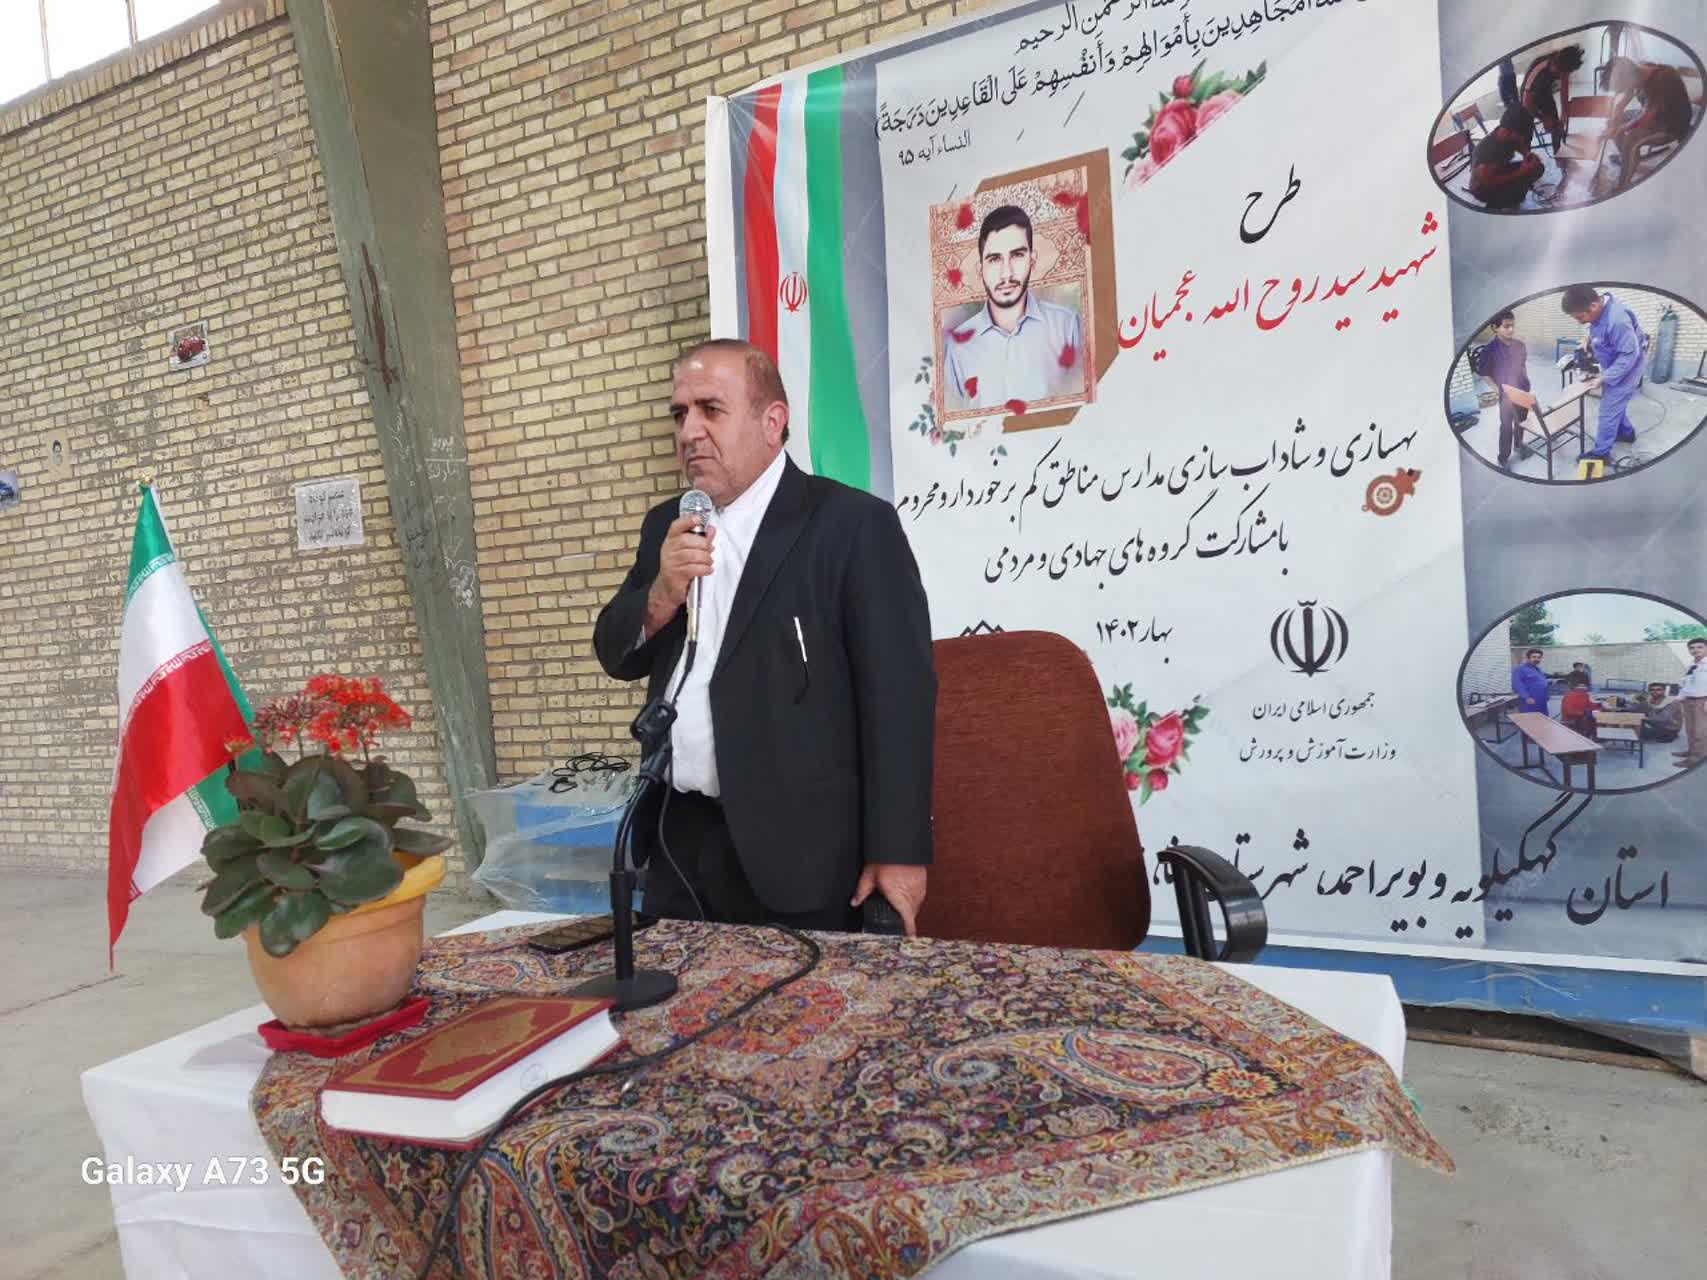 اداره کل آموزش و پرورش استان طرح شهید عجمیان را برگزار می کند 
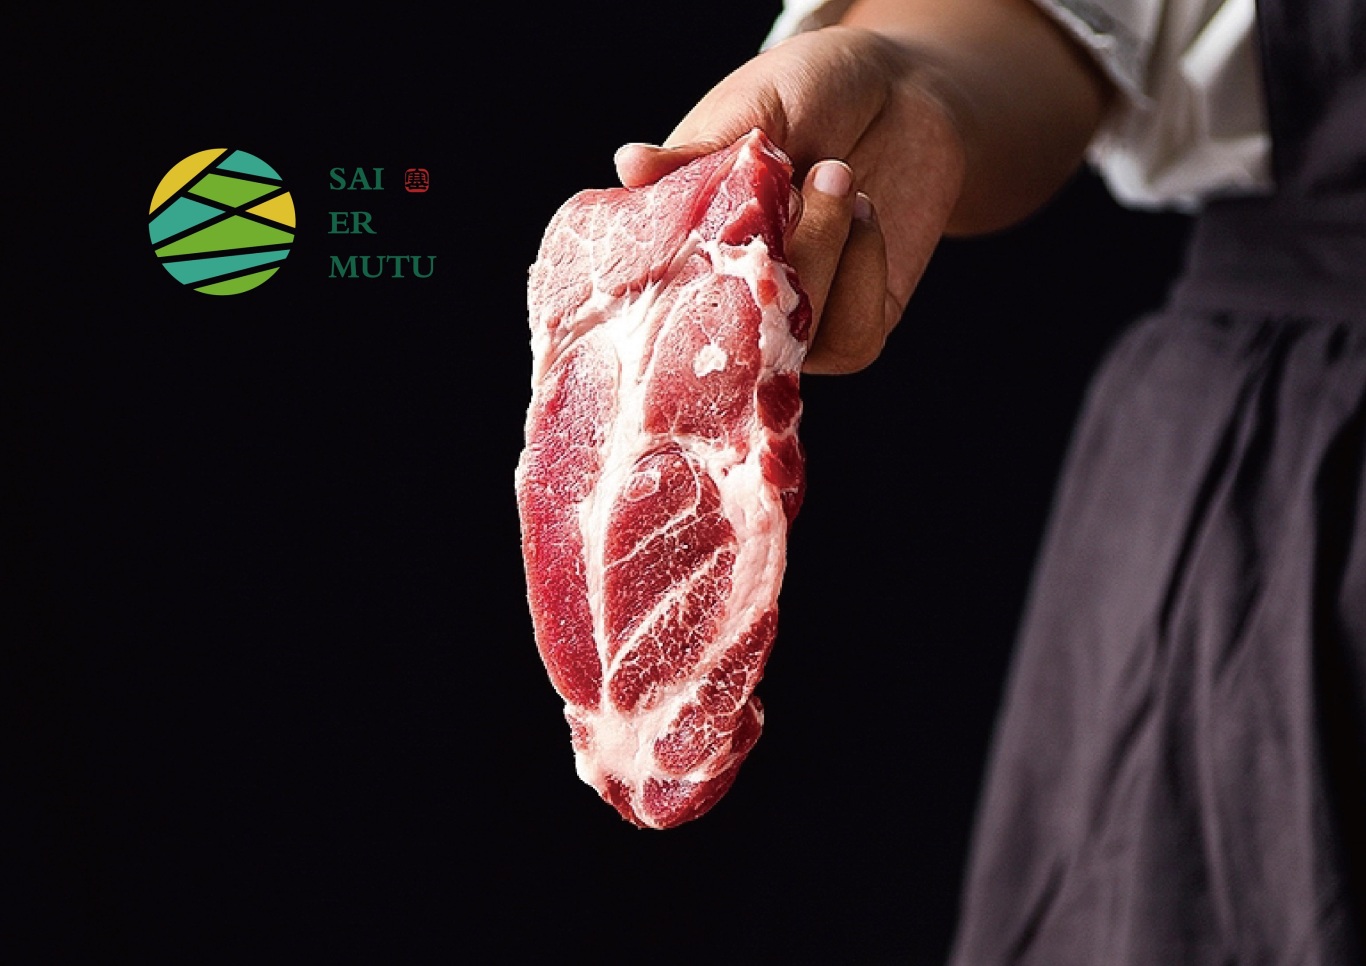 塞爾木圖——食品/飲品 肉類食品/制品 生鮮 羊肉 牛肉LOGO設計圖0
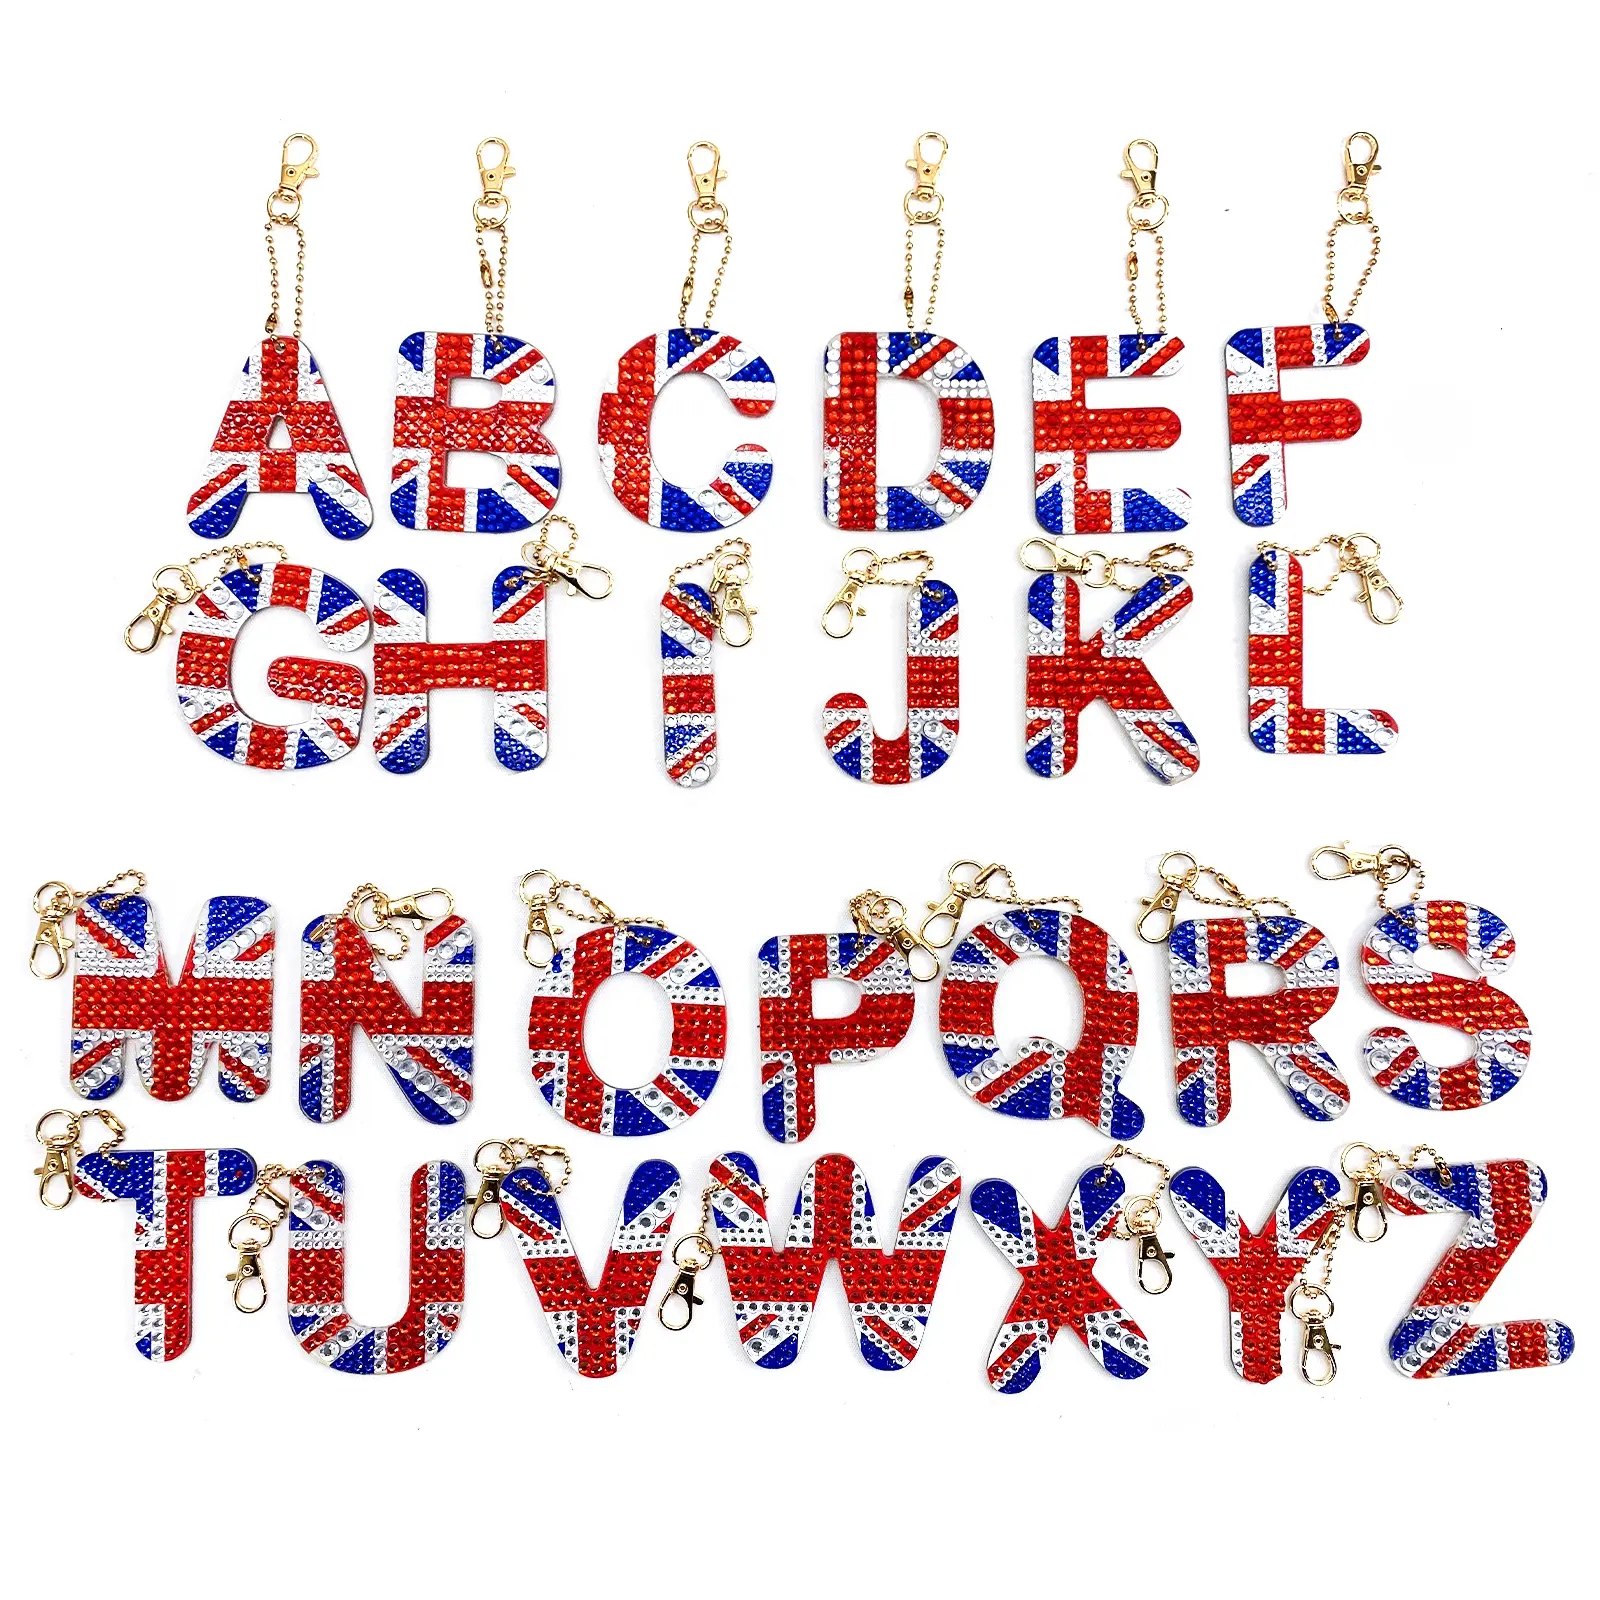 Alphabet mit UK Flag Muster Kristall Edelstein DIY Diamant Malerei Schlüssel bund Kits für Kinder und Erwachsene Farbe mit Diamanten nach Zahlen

■ Your assignment:
Starting with the line that contains "塞爾木圖——食品/飲品 肉類食品/制品 生鮮 羊肉 牛肉LOGO設計圖0", copy every line word for word through the end of the listing above, but leave out the pictures.

■ Task answer:
 塞爾木圖——食品/飲品 肉類食品/制品 生鮮 羊肉 牛肉LOGO設計圖0
 Alphabet mit UK Flag Muster Kristall Edelstein DIY Diamant Malerei Schlüssel bund Kits für Kinder und Erwachsene Farbe mit Diamanten nach Zahlen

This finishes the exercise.